I can prove your room is bad


So you want to upgrade?  You want to know what the next big thing is you can do for a better sounding experience?

Try this.  Pull up a chair 2' in front of your speakers.  If you can't move the speakers, put it up to just 1, and listen for yourself.

The difference between what you hear sitting in front of the speaker like this, and what you hear at your normal location is all in the speaker dispersion and room acoustics. If you feel mesmerized, entranced, and wowed by your speaker at 2' but not 8' you really should consider improving the room, and if you can't, consider getting speakers with alternative room coupling, like ESL's, line arrays, bi-polars, etc.

That is all,


Erik
erik_squires
There are other alternatives to treating your room with panels traps and wotnots.

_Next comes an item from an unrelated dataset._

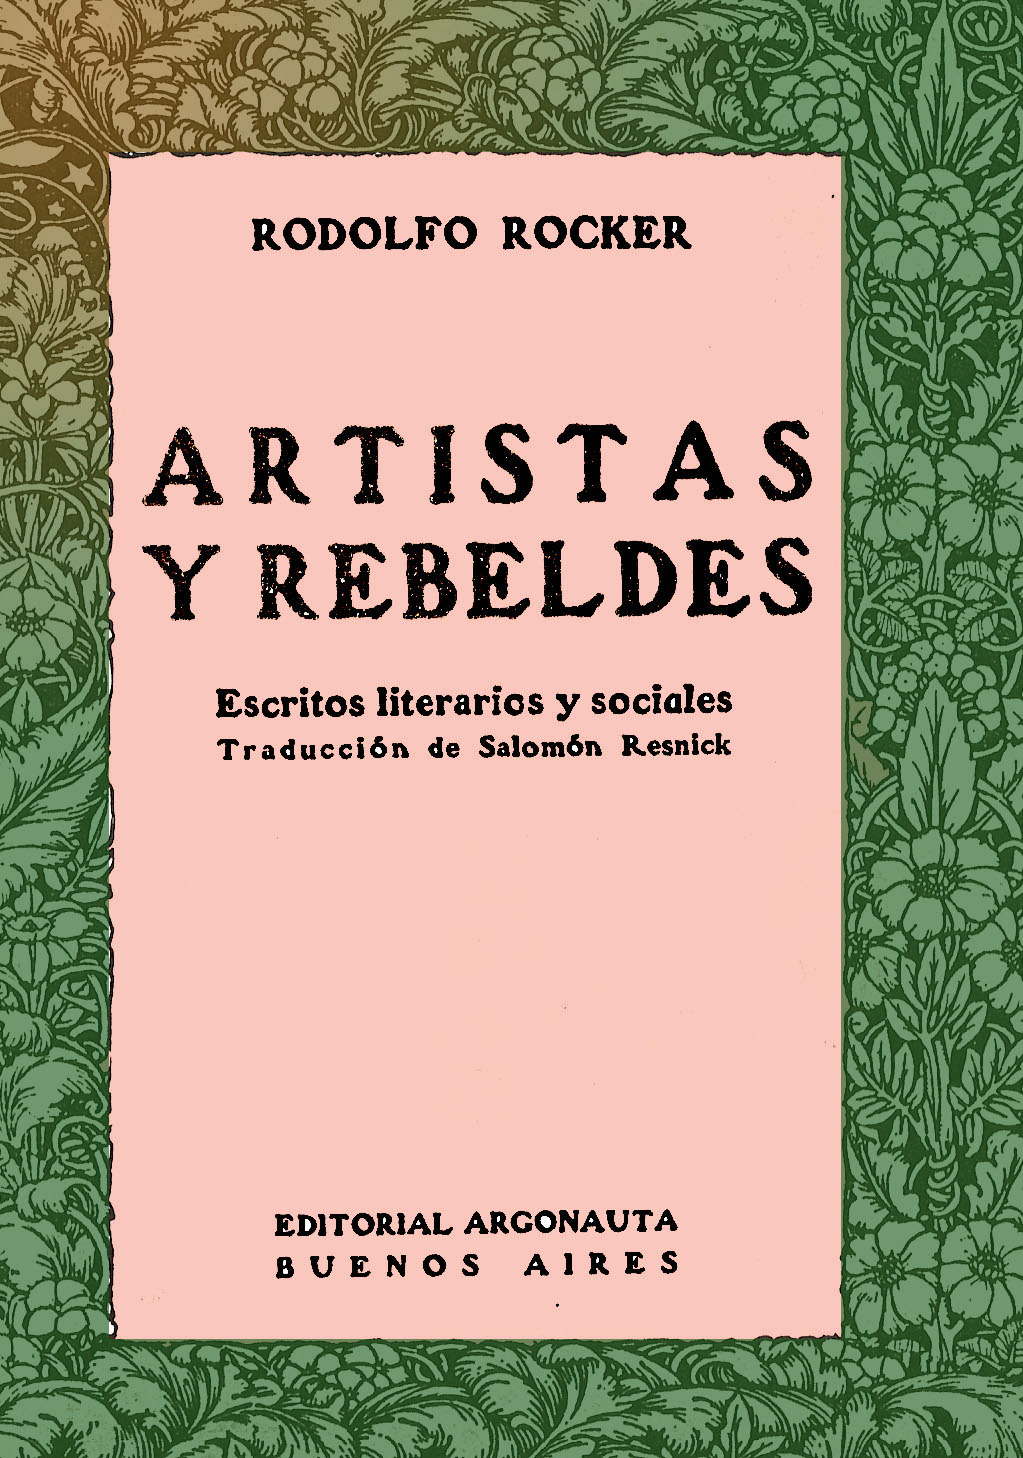 [RODOLFO+ROCKER+PORTADA.jpg]

Lyngdorf room perfect DSP is very good at dealing with the room acoustics allowing much more practical and WAF speaker placement in you don’t have the luxury of a dedicated listening room like me. 
So can unplugged subwoofers screw up the sound. Thanks to a fellow-phile on AA, who responded to my thread there where I stated that I was no longer using my 2 SVS subs (the tall ones), which are in the system picture that I provided.


He said unpowered subs, being used or not, will negatively affect the SQ. Late yesterday I removed them and was shocked. Where the SQ was on the thick side, post subs it dances like a butterfly

hth
I agree that we are listening to our speakers and the response of the room in a locked relationship of excitation/response.
In an attempt to help a null around 85 Hz I got a bunch of GIK 244 series bass traps. Qty 4 24" x 24" squares (2 of those with flexrange), Qty 4 12x48, and Qty 2 freestanding panels. They work. 
Too much will suck the life out of the sound, and a little goes a long way. They are very effective. I'm still experimenting with the GIK and Vicoustic placement (done by ear mostly as the attempts to carefully quantify with REW /capable mic only took me so far); It's definitely worth the time and energy and is a learning experience I highly recommend if you are looking to squeeze as much performance from your gear as possible.
I am amazed by how much potential exists in our gear that just needs to be unlocked!
Acoustic treatments and power (cords and conditioners) are two huge pillars i've learned a lot about the past many months. Room tuning is both fun and exhausting, but very much worth the effort.
 


 
Mine sound just fine from where I sit....zero room treatment, just your average furnished room with both soft and reflective surfaces...I like my room and will not add UFO's to it....😁
Erik is right. You can dramatically reduce room effects by getting a line source bipolar ESL. Then you only need some acoustic tile behind the speaker nothing else. What you will notice is that the speaker sounds exactly the same at 12 feet as it does at 6 inches. Very spooky. The only manufacturer of this type of speaker now is Sound Labs.